Working Capital Escrow Shares definition

Working Capital Escrow Shares means, collectively, (a) that number of shares of Parent Convertible Preferred Stock equal to the Working Capital Escrow Amount based on a valuation of such Parent Convertible Preferred Stock pursuant to the Signing VWAP, and (b) that number of shares of Parent Common Stock that the holders of RSUs (other than the Rollover RSUs) would otherwise receive upon the cancellation and conversion of such RSUs pursuant to Section 2.6(c), on a pro rata basis.
Working Capital Escrow Shares means collectively, the Magnolia Working Capital Escrow Shares and the Hawthorne Working Capital Escrow Shares.
Working Capital Escrow Shares means a number of shares of Purchaser Common Stock equal to $10,000,000 (ten million dollars) divided by the Average Purchaser Stock Price (rounded up to the nearest whole number).

Examples of Working Capital Escrow Shares in a sentence

  • The Working Capital Escrow Amount shall be deposited into the Working Capital Escrow Account in the form of the Working Capital Escrow Shares.

  • Section 2.01(a) Working Capital Escrow Shares...................................................

  • If the Purchaser fails to deliver to the Sellers the statement of Closing Date Working Capital within such sixty (60) day period, the Escrow Agent shall automatically and without further instructions deliver to the Sellers the Working Capital Escrow Shares.

  • The Escrow Agent shall retain (x) LTIP Escrow Shares for the purposes of securing the Parties’ obligations under Section 5.17 and the second proviso of Section 2.7(b)(i)(A) and (y) Working Capital Escrow Shares for the purposes of securing the Parties’ obligations under Section 2.7. The Escrow Agreement shall provide for the distribution by the Escrow Agent of the LTIP Escrow Shares and the Working Capital Escrow Shares in accordance with the terms of this Agreement (and the Escrow Agreement).

  • Unless and until the Escrow Agent receives the certificates representing additional shares of Parent Common Stock or other property, the Escrow Agent may assume without inquiry that no such stock or other property has been or is required to be issued with respect to Working Capital Escrow Shares or Indemnity Escrow Shares.

  • No. of shares of Parent Common Stock that are Securities for purposes of this Agreement and that are to be received or receivable by the undersigned as of the Closing (which, solely in the case of Pace, includes all of the the Indemnity Escrow Shares and all of the Working Capital Escrow Shares): shares of Parent Common Stock Yours truly, By: Name: Date: Acknowledged and Agreed: BLACKBOARD INC.

  • In connection with any release of Working Capital Escrow Shares or Indemnity Escrow Shares from the Escrow Account, Parent and the Escrow Agent shall be permitted to “round down” or to follow such other rounding procedures as Parent reasonably determines to be appropriate in order to avoid retaining any fractional shares in the Escrow Account and in order to avoid releasing any fractional shares from the Escrow Account.

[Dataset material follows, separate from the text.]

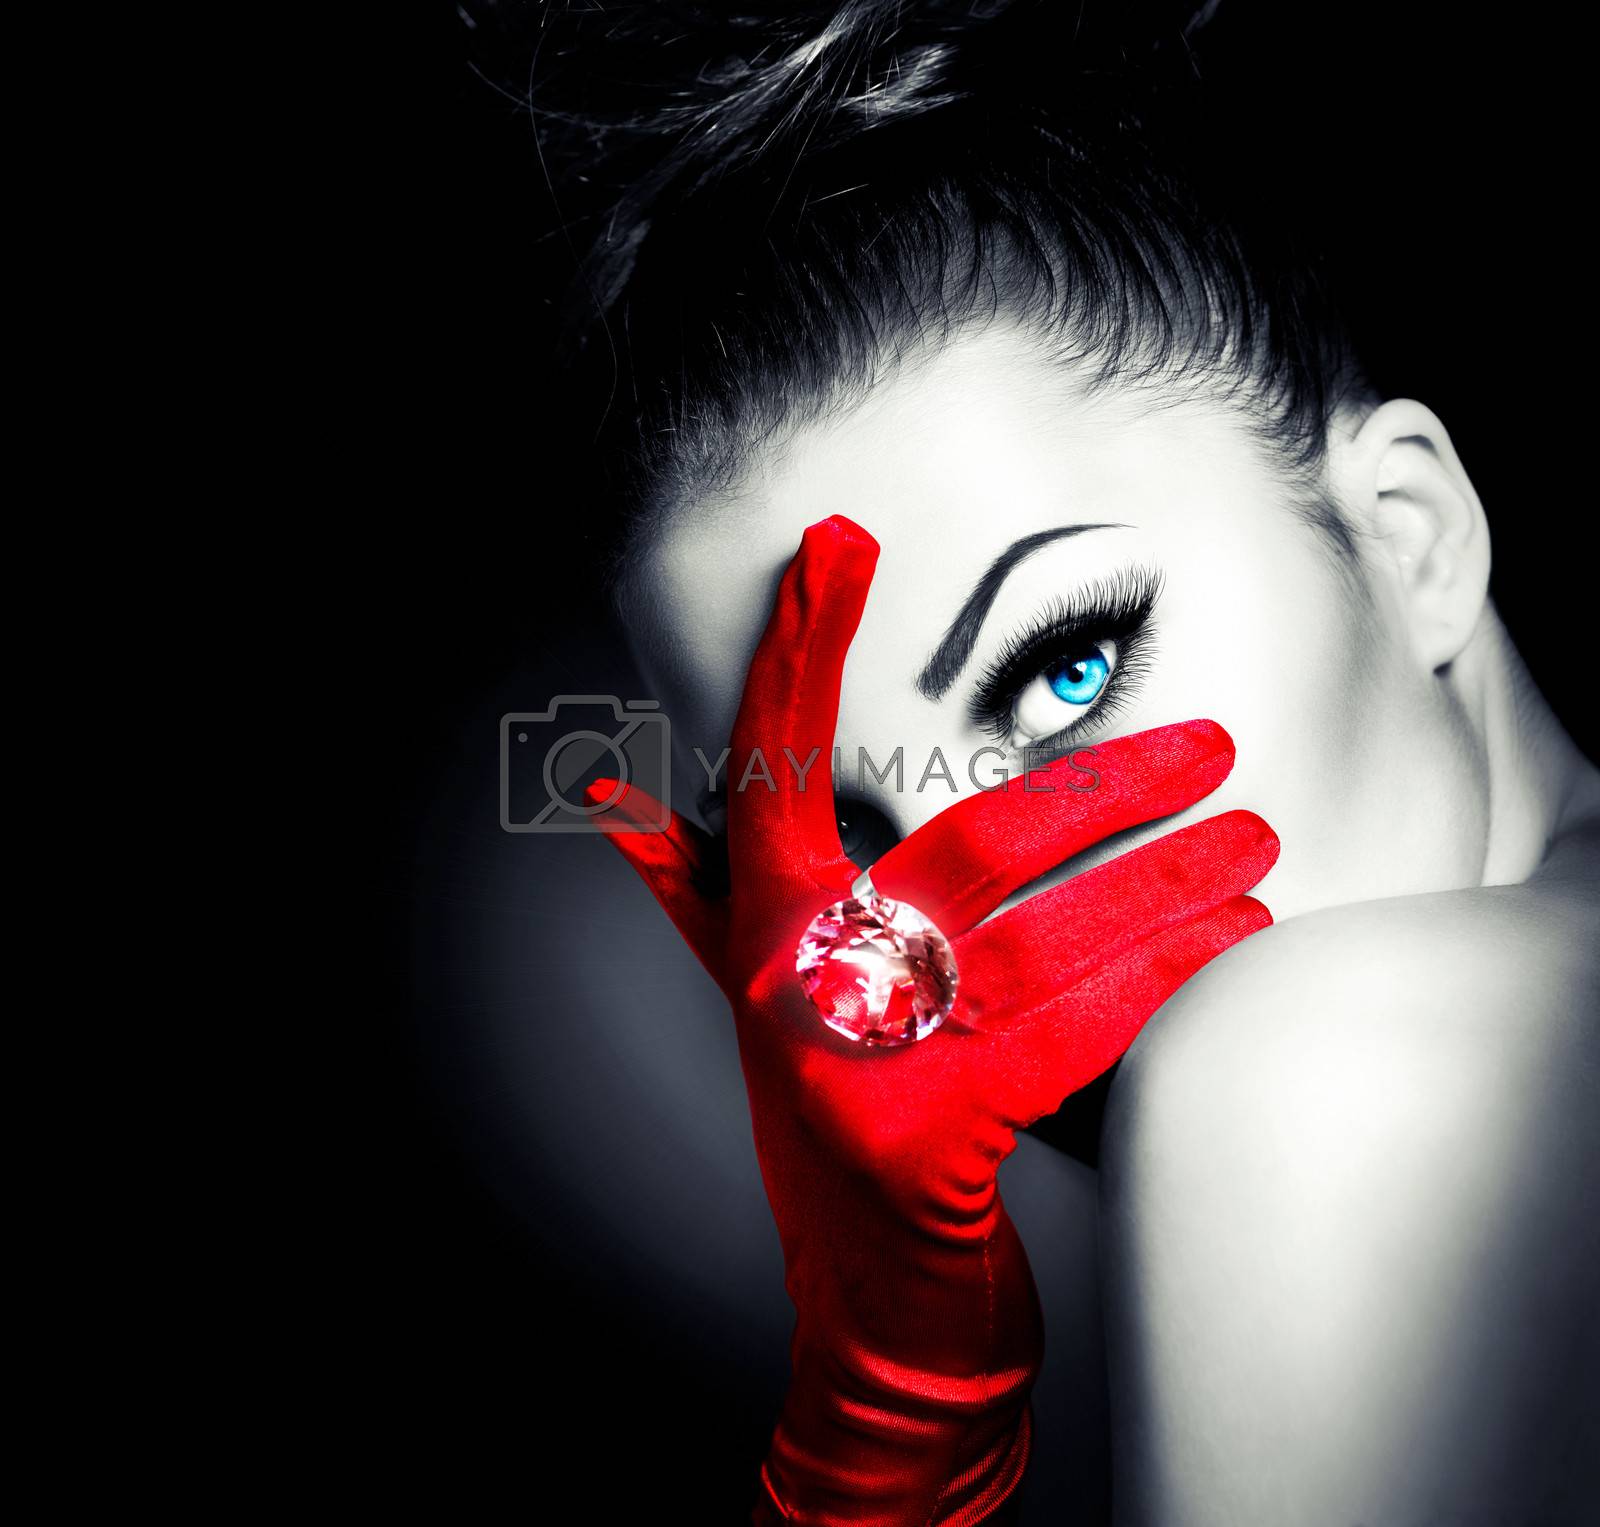 Royalty free image of Vintage Style Mysterious Woman Wearing Red Glamour Gloves  by SubbotinaA

More Definitions of Working Capital Escrow Shares

Working Capital Escrow Shares has the meaning given to such term in the Escrow Agreement.
Working Capital Escrow Shares mean such number of shares of Parent Series C Preferred Stock and Parent Common Stock as (i) shall have a value of $1,200,000 (with each share of Parent Series C Preferred Stock valued at $30.00 and each share of Parent Common Stock valued according to the Average Parent Share Price) and (ii) shall be in the same ratio of shares of Parent Series C Preferred Stock: Parent Common Stock as the ratio of shares of Parent Series C Preferred Stock to be delivered to the Shareholders pursuant to Schedule 2.01(a): shares of Parent Common Stock to be delivered to the Shareholders pursuant to Schedule 2.01(a). The rights, privileges, terms and conditions of the Parent Series C Preferred Stock are set forth on Annex 2 attached hereto. All such shares of Company Preferred Stock and Company Common Stock shall no longer be outstanding and shall automatically be cancelled and retired and shall cease to exist, and the certificates previously representing such shares shall thereafter represent only the right to receive the Merger Consideration into which such Company Preferred Stock and Company Common Stock was converted in the Merger immediately at the Effective Time, if all of the certificates representing shares of Company Preferred Stock and Company Common Stock are delivered to Parent at the Closing, or, if all such certificates are not so delivered, upon the delivery of a properly executed letter of transmittal accompanied by such certificates. Certificates previously representing shares of Company Preferred Stock and Company Common Stock shall be exchanged for the Merger Consideration in accordance with Schedule 2.01(a) upon the surrender of such certificates in accordance with the provisions of Section 2.02, without interest. No fractional share of Parent Common Stock or Parent Series C Preferred Stock shall be issued, and, in lieu thereof, a cash payment shall be made pursuant to Section 2.02(c) hereof.